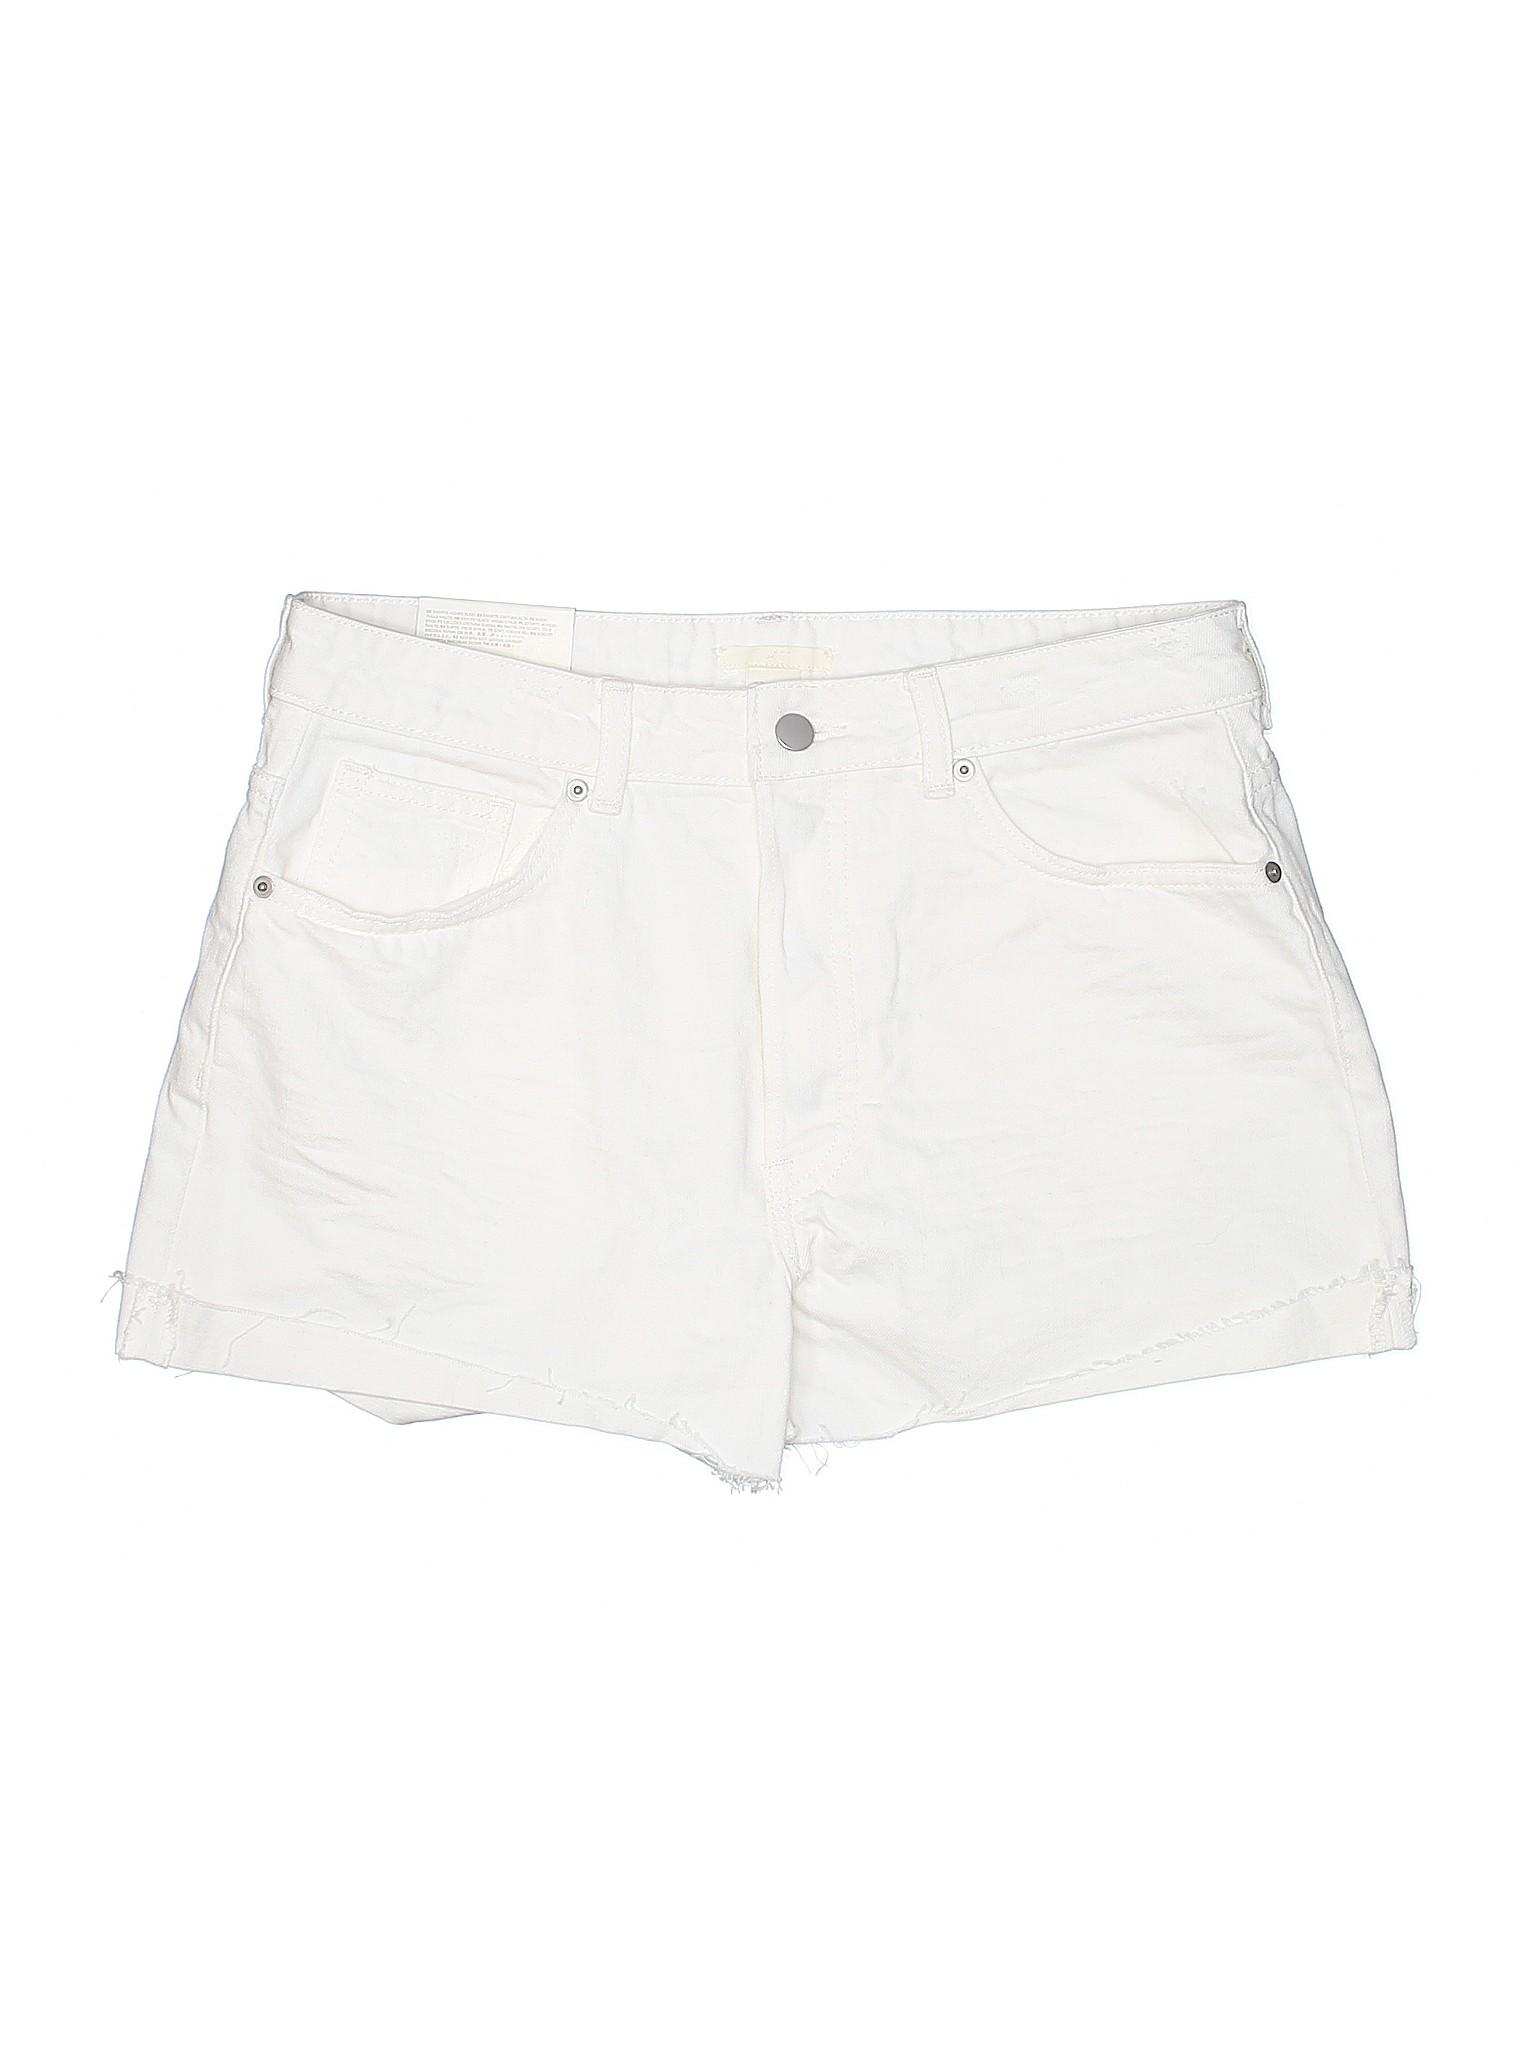 H Boutique Shorts amp;M Denim amp;M Boutique Denim H H Shorts Boutique amp;M UwCUnBq
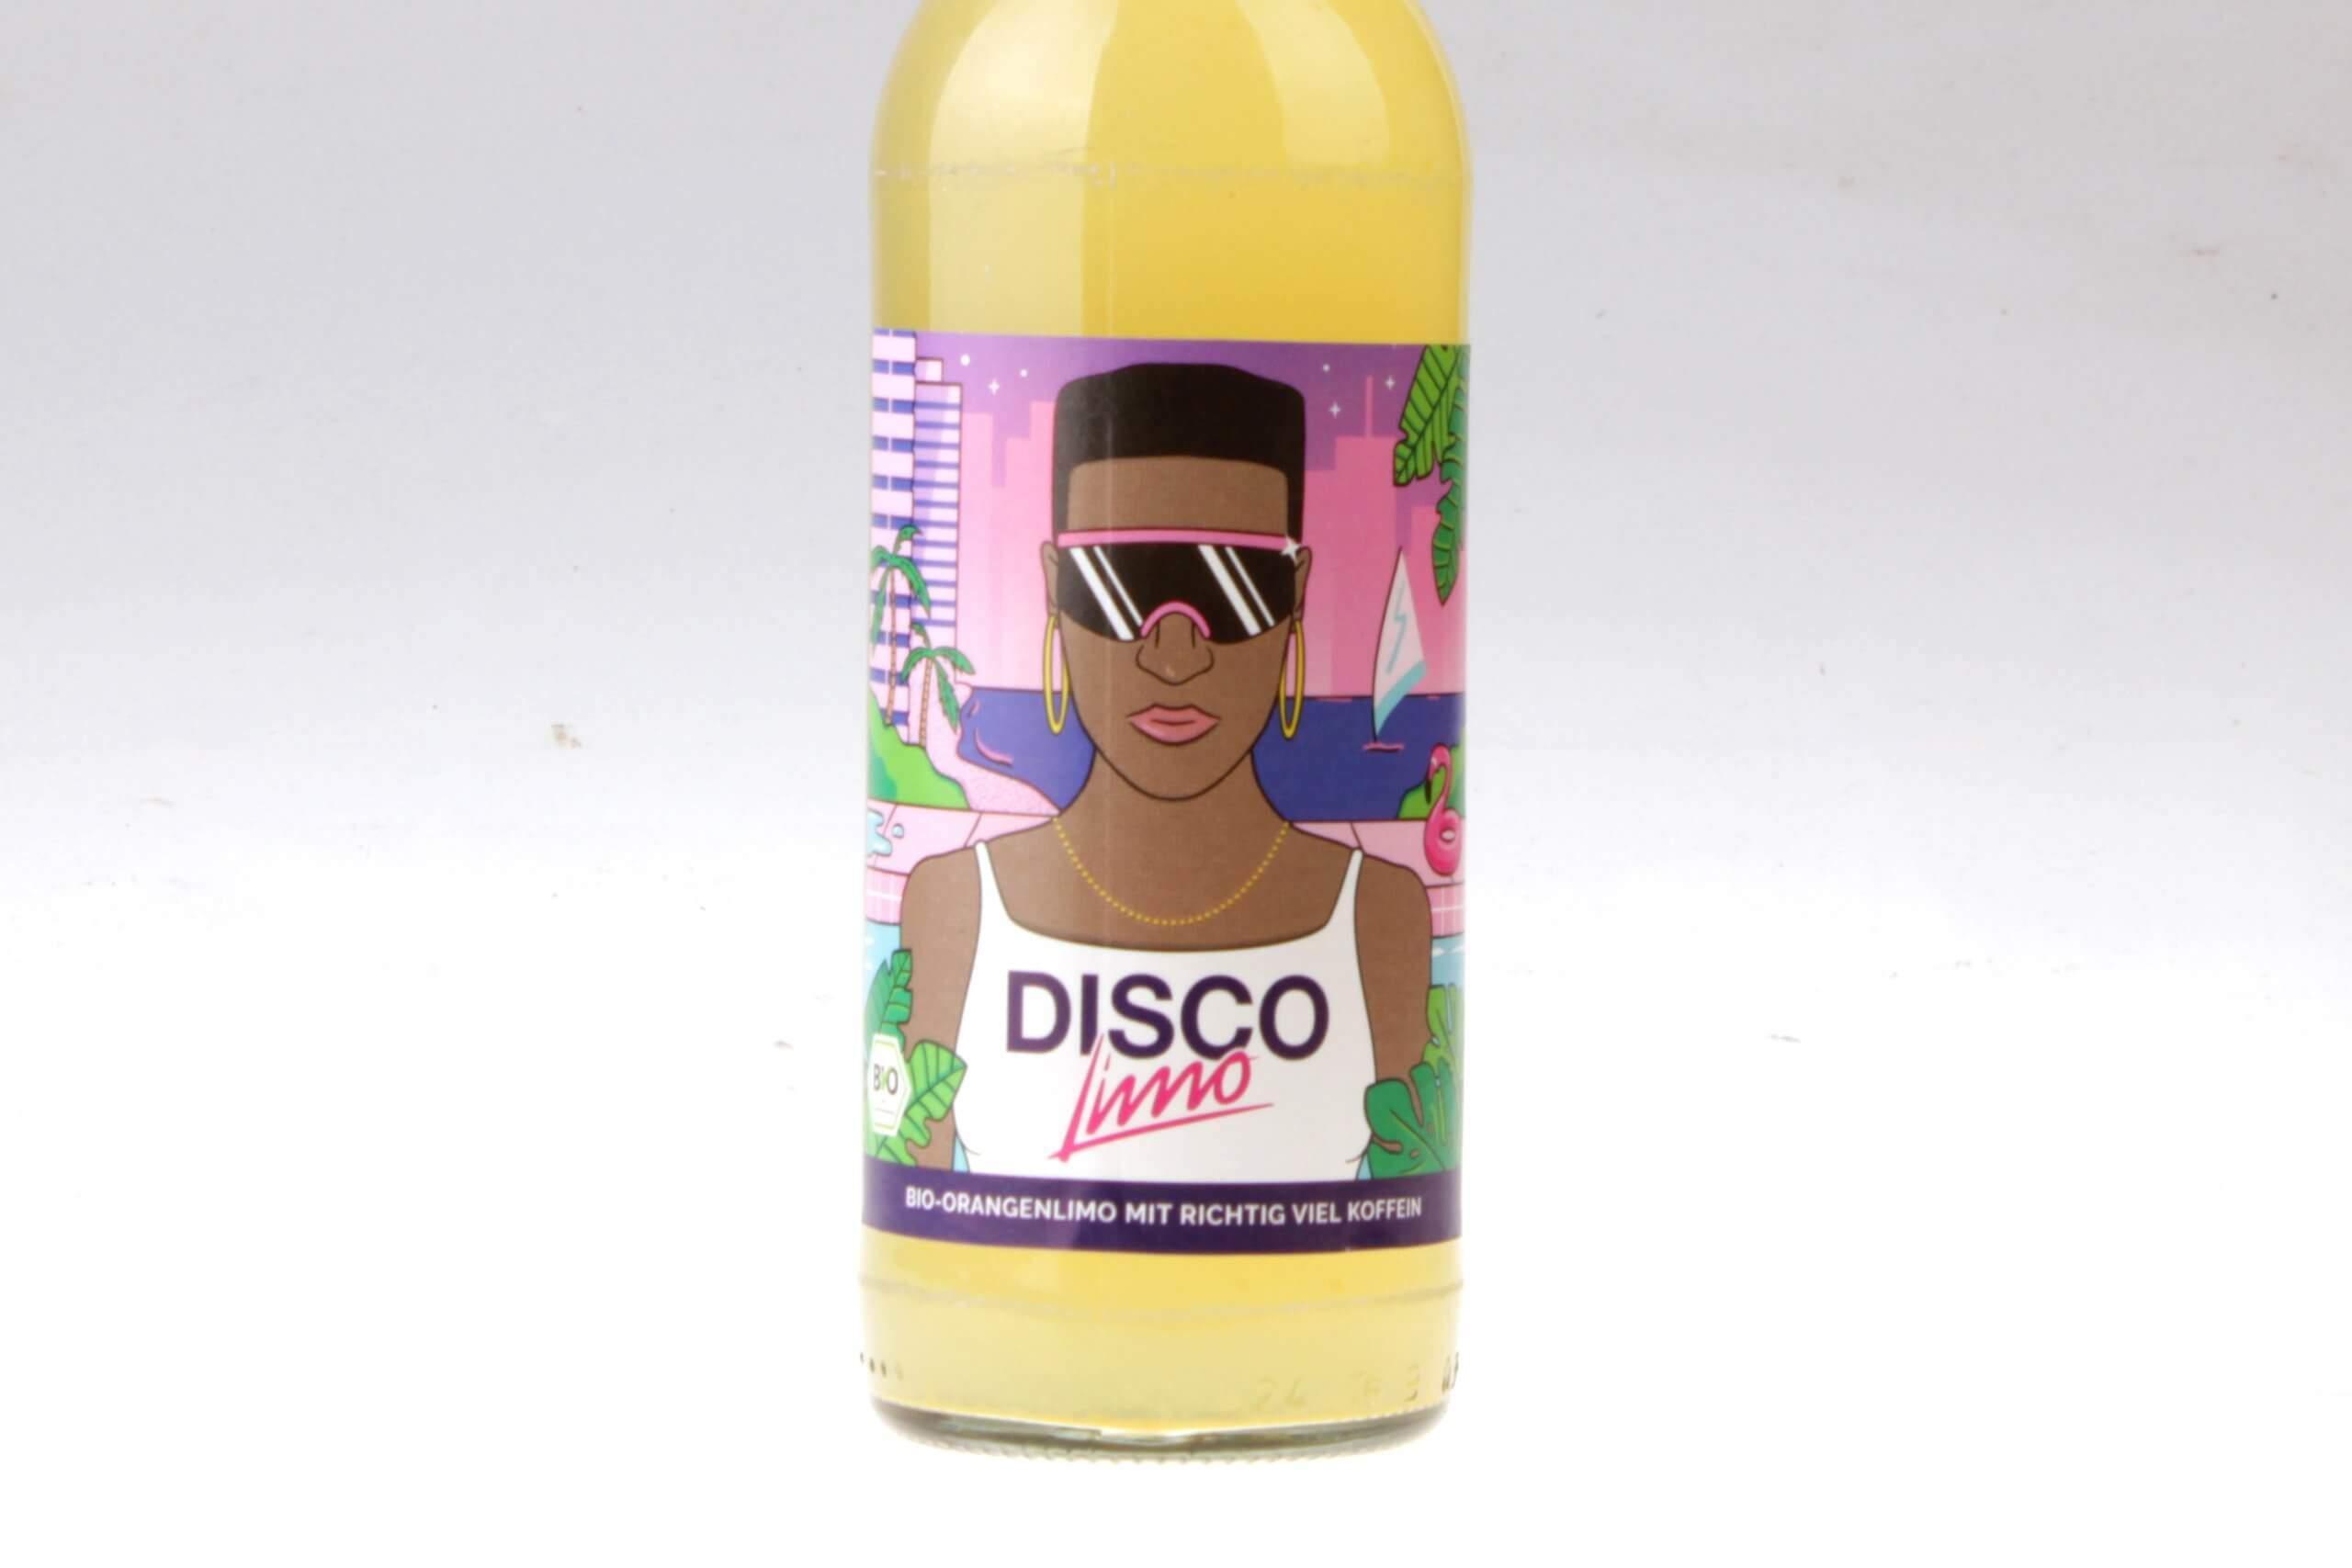 Disco Limo Orange mit Koffein von feinjemacht
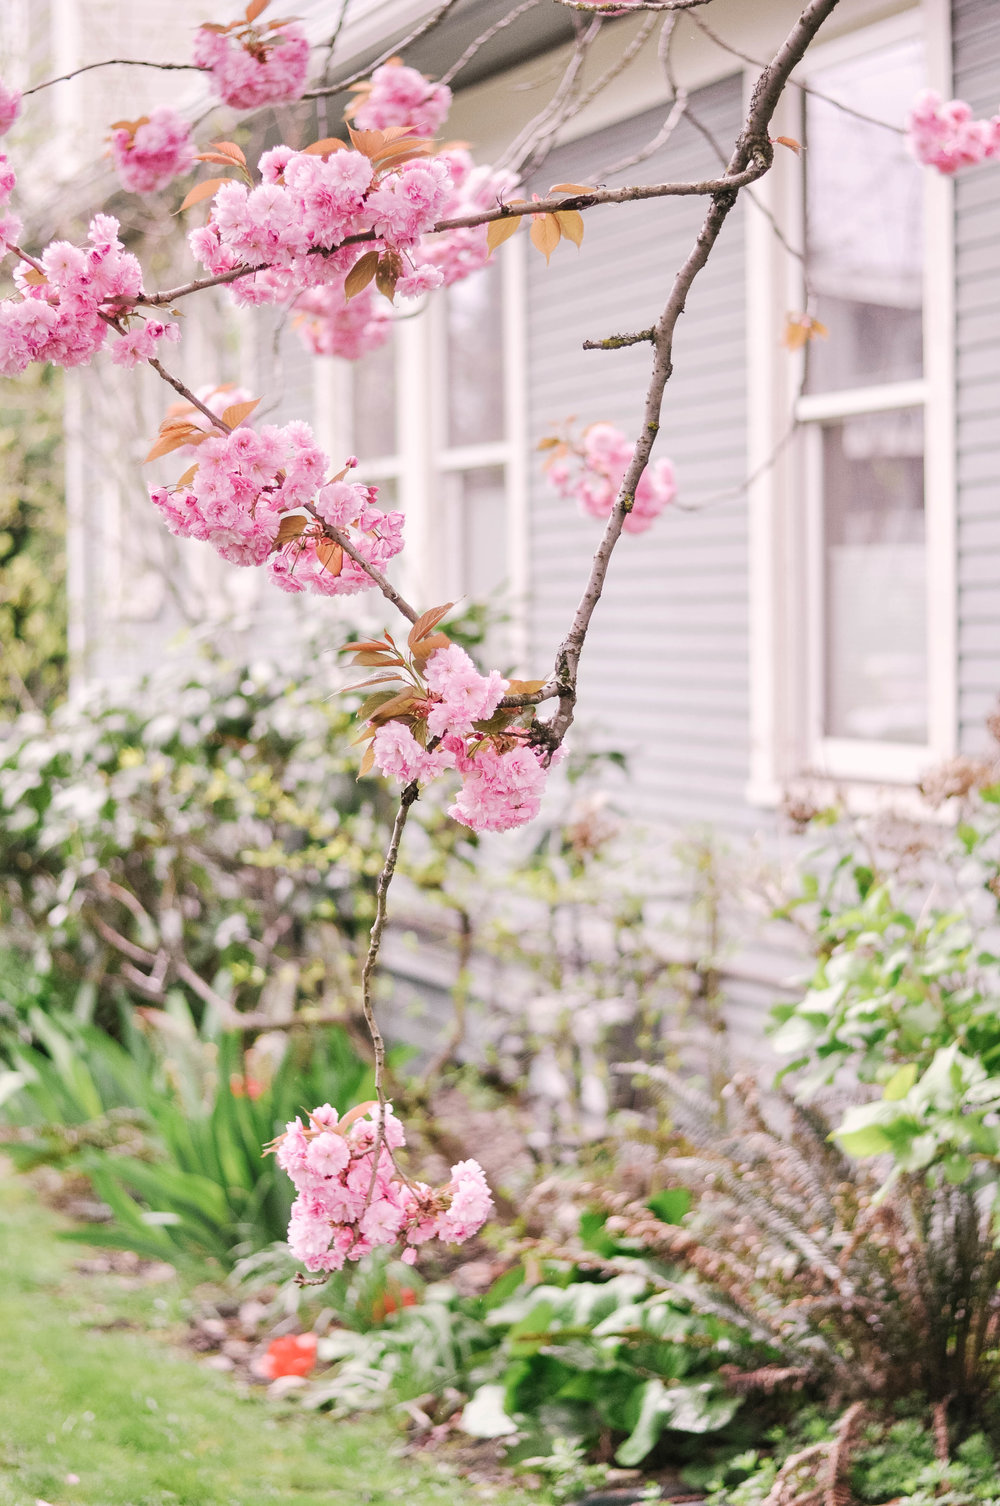 Pink flowering tree in yard

**TASK GOAL**
Find the line that contains "Disco Limo Orange". Copy it and every line after it through the end of the listing exactly, but not the pictures.

**WRITTEN RESPONSE**
 Disco Limo Orange mit Koffein von feinjemacht
 Pink flowering tree in yard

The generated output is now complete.